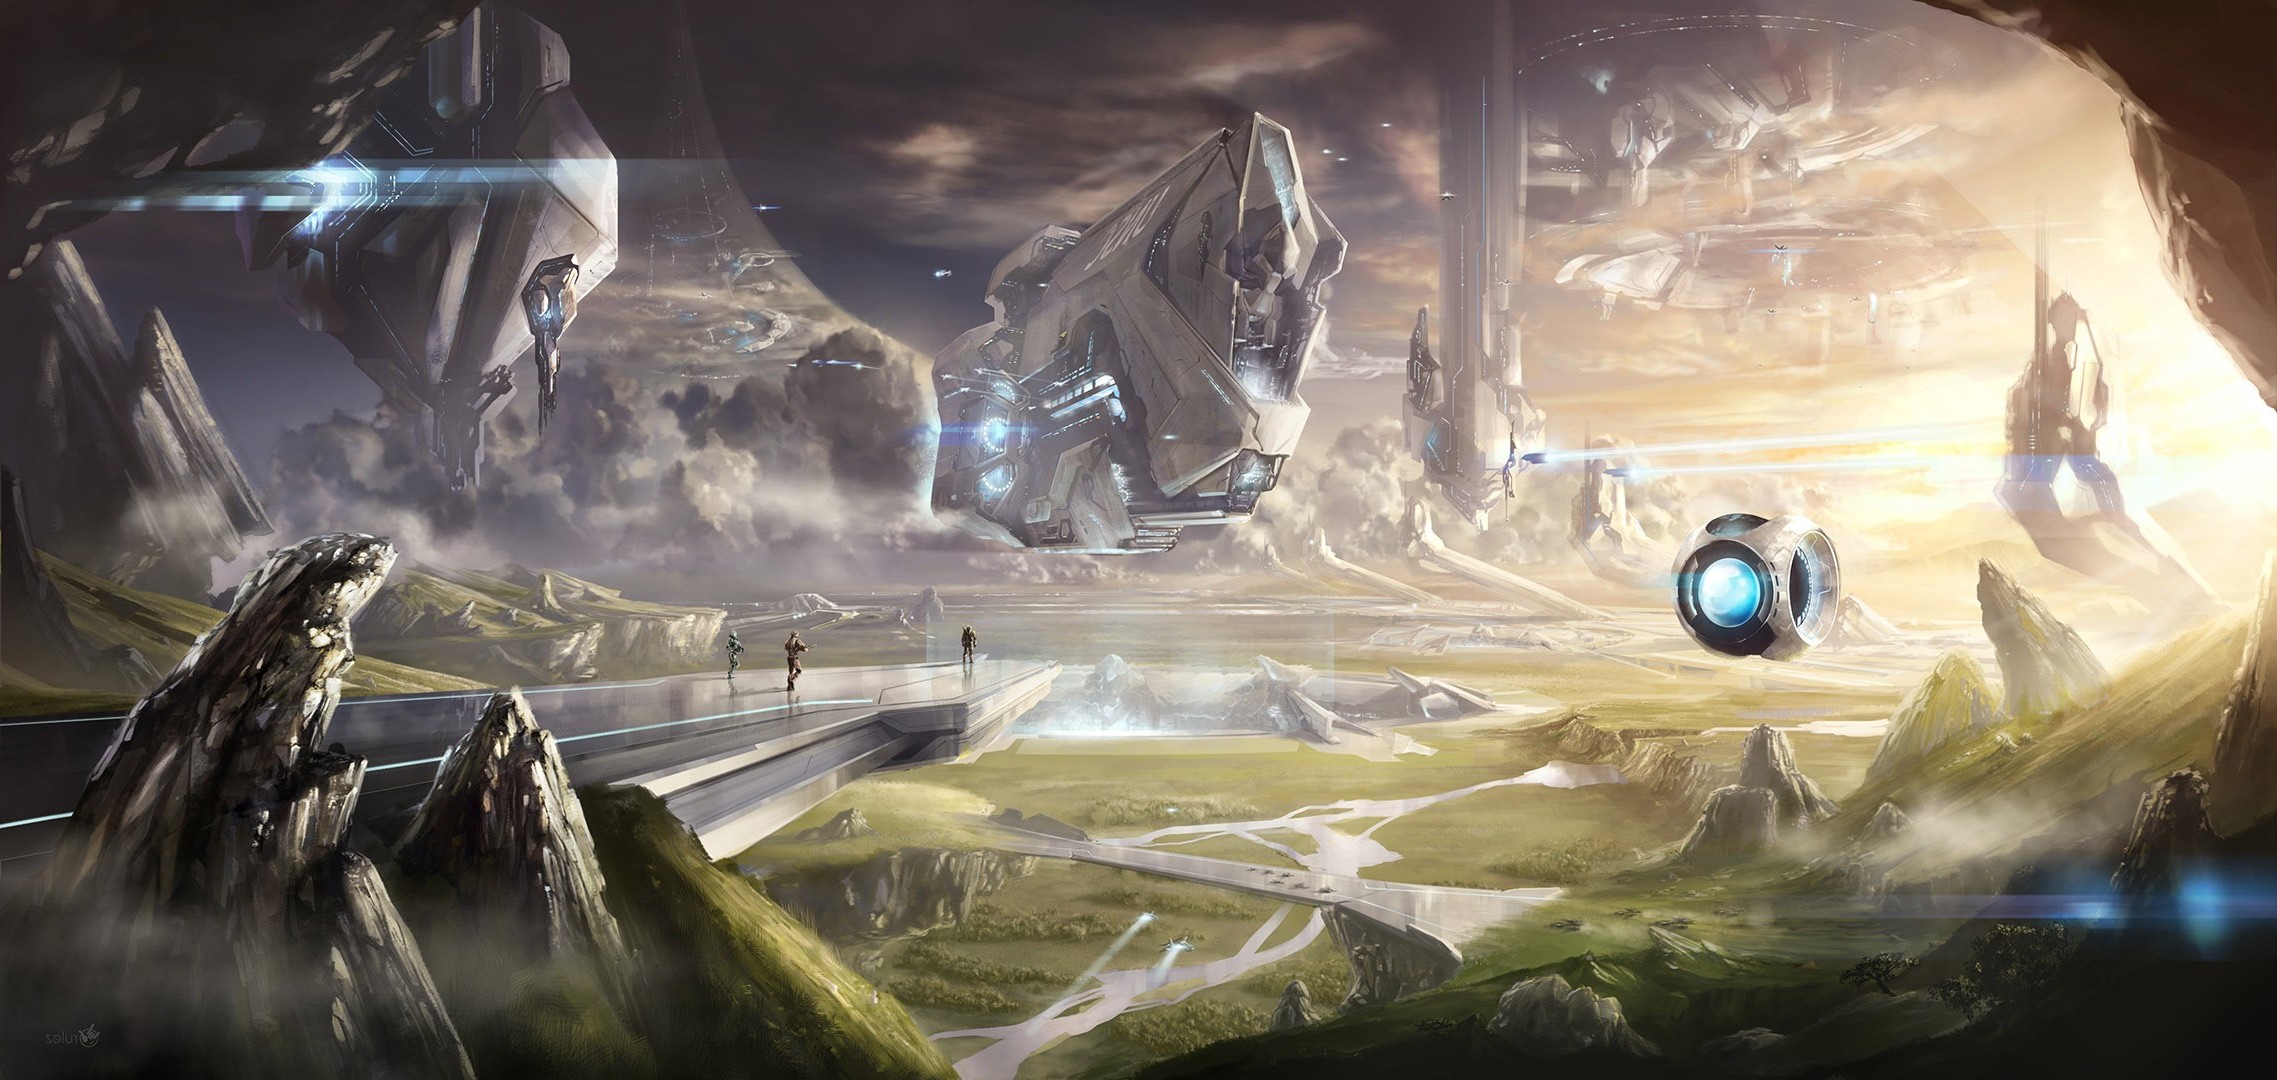 Halo, Master Chief, Xbox One, Halo: Master Chief Collection, 343 Industries, Fantasy Art Wallpaper
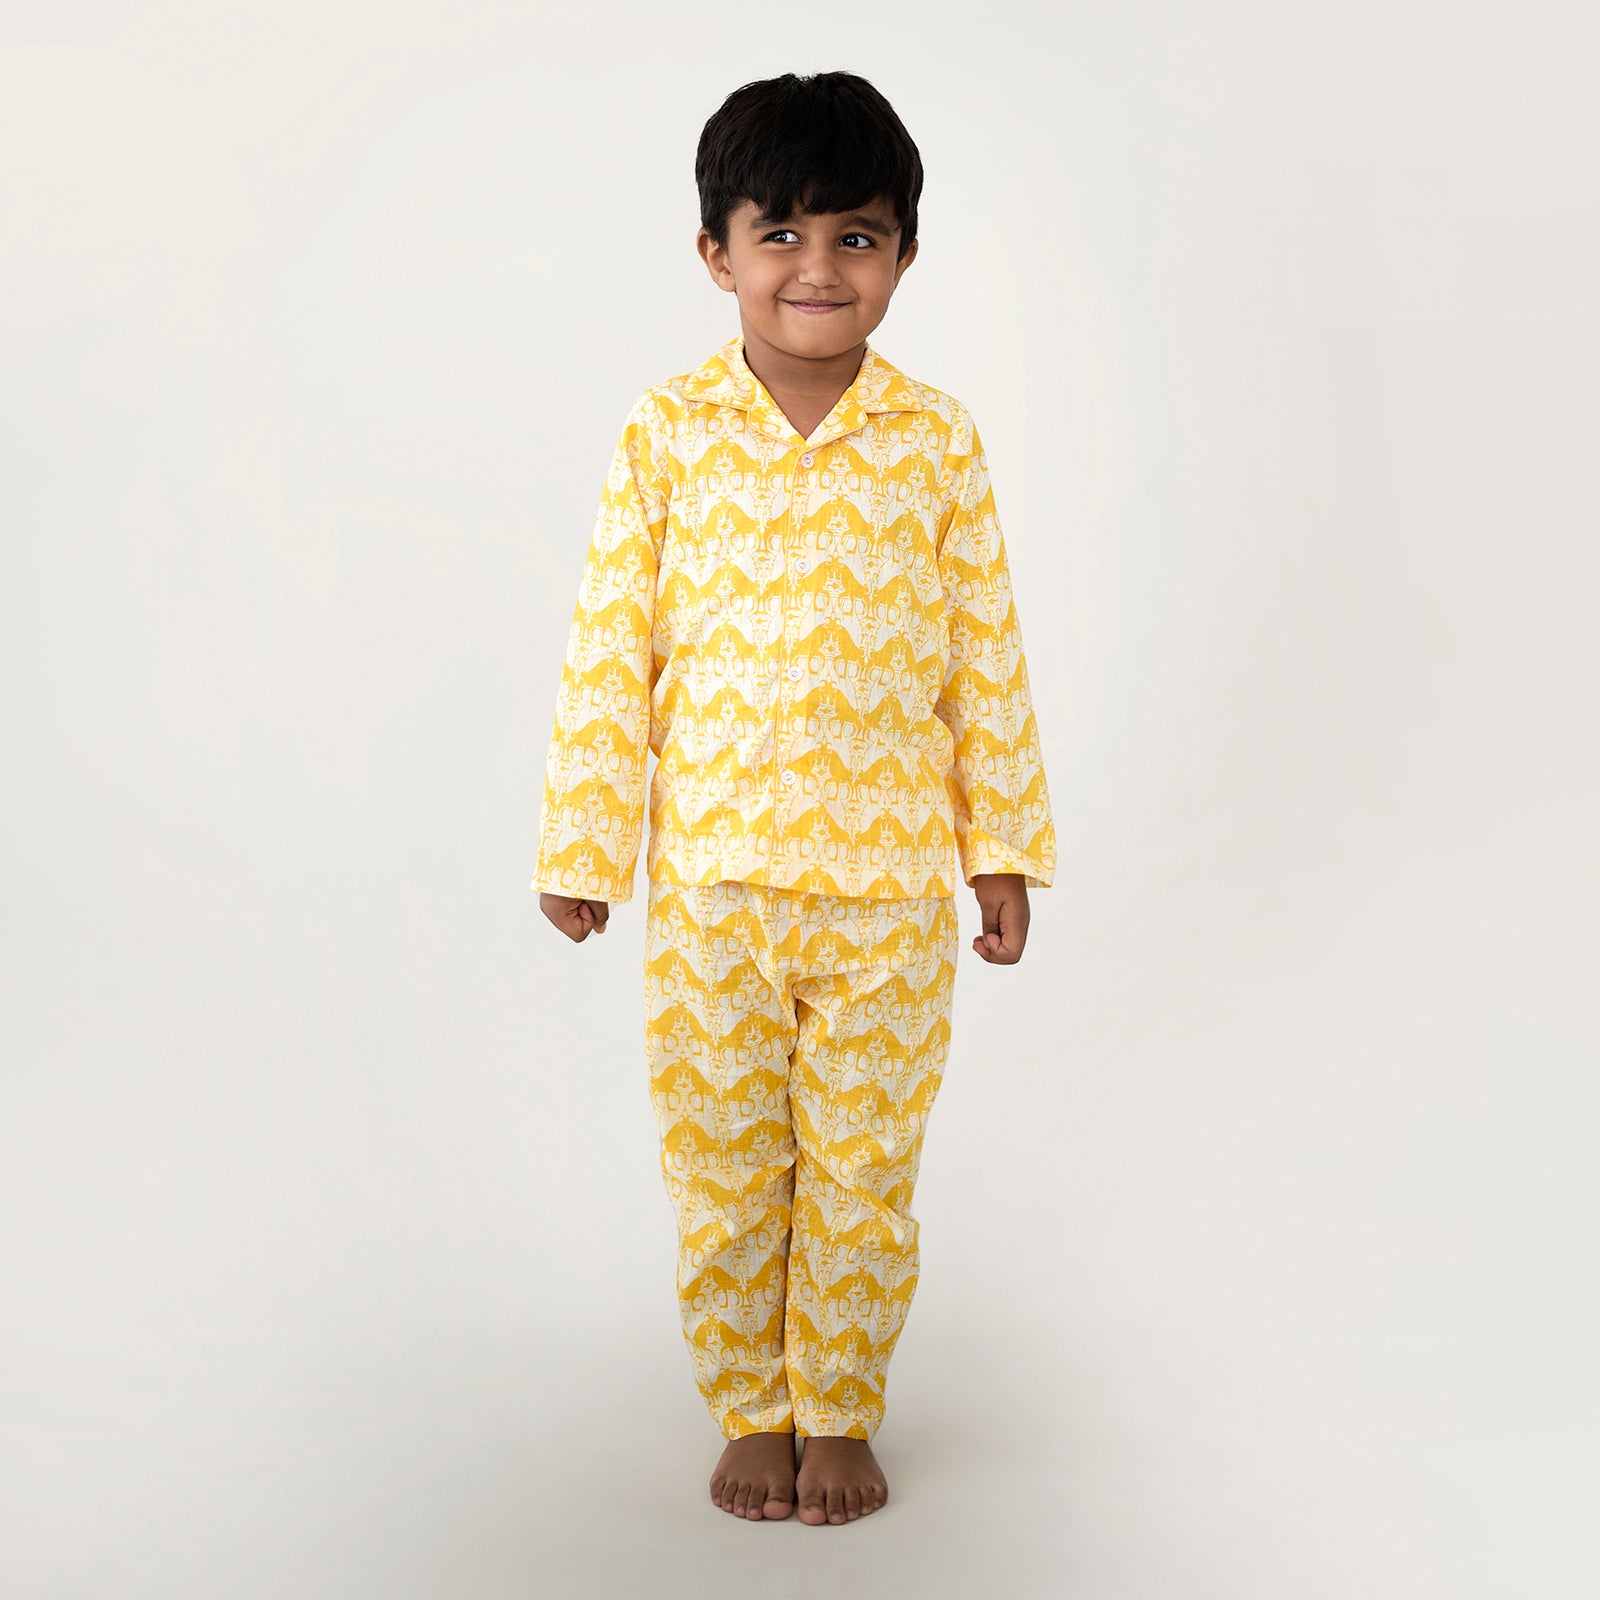 Cotton Boys Sleepwear with Two Silly Goats Story print
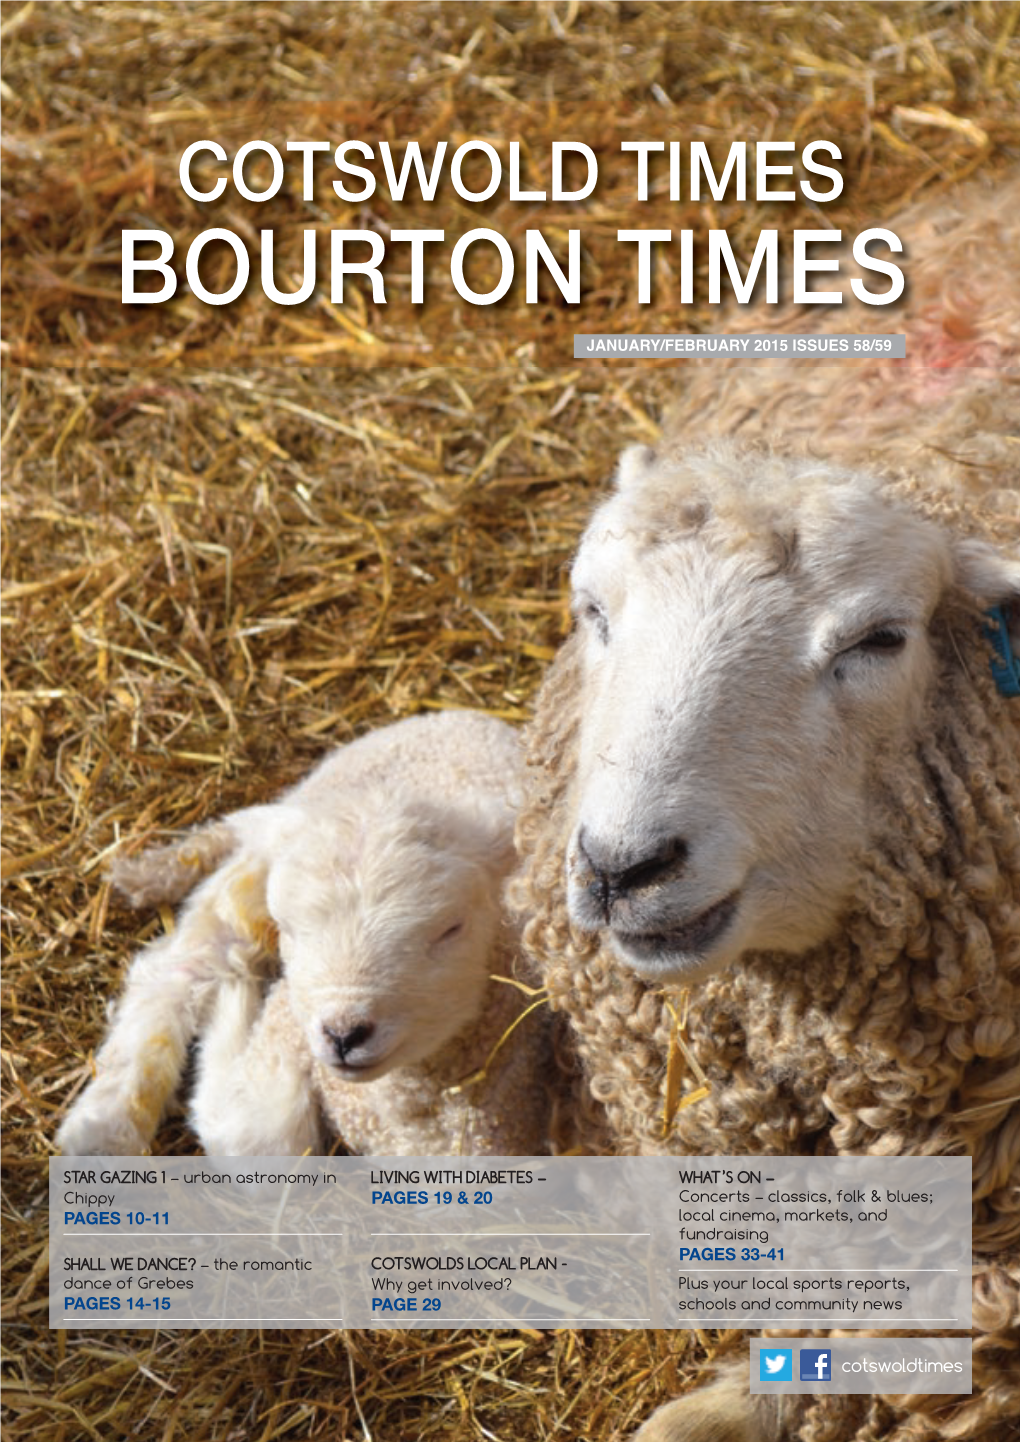 Bourton Times January/February 2015 Issues 58/59
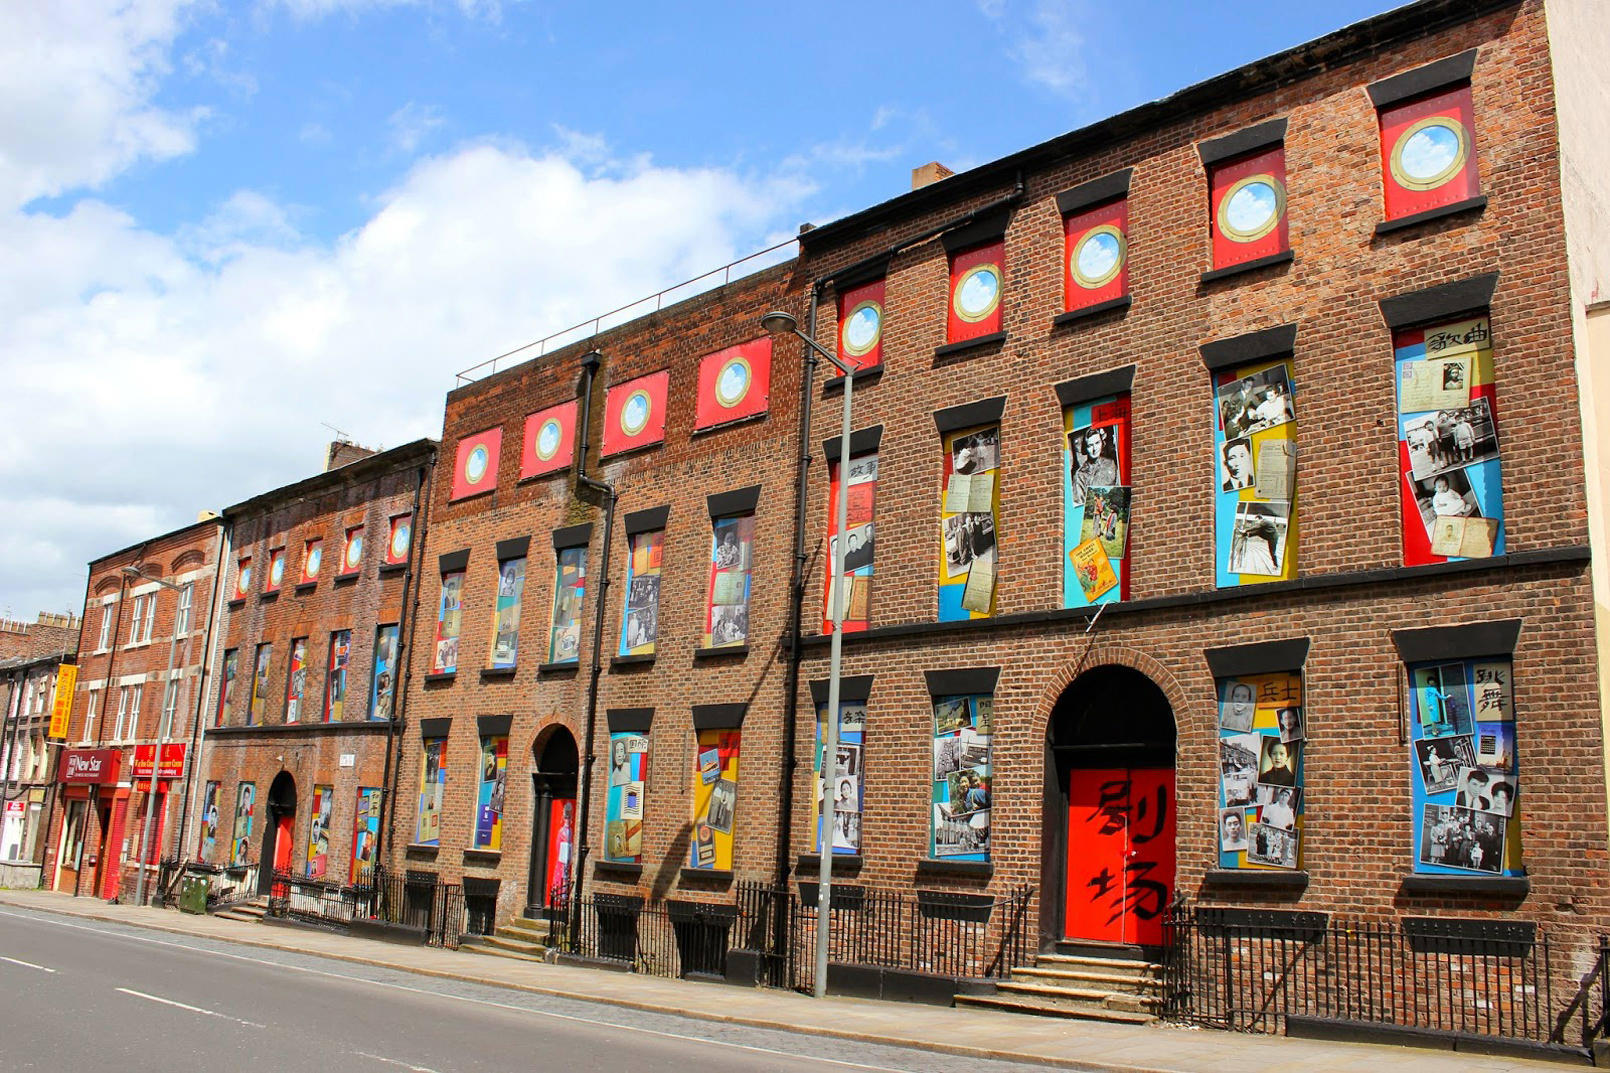 The "Opera for Chinatown" art installation, on Liverpool's Duke Street, features photos of the old boarding house's long forgotten residents .

.....

Could each line of the data be written out exactly, with no pictures included?

 Halo, Master Chief, Xbox One, Halo: Master Chief Collection, 343 Industries, Fantasy Art Wallpaper
 Cotton Boys Sleepwear with Two Silly Goats Story print
 Bourton Times January/February 2015 Issues 58/59
 The "Opera for Chinatown" art installation, on Liverpool's Duke Street, features photos of the old boarding house's long forgotten residents .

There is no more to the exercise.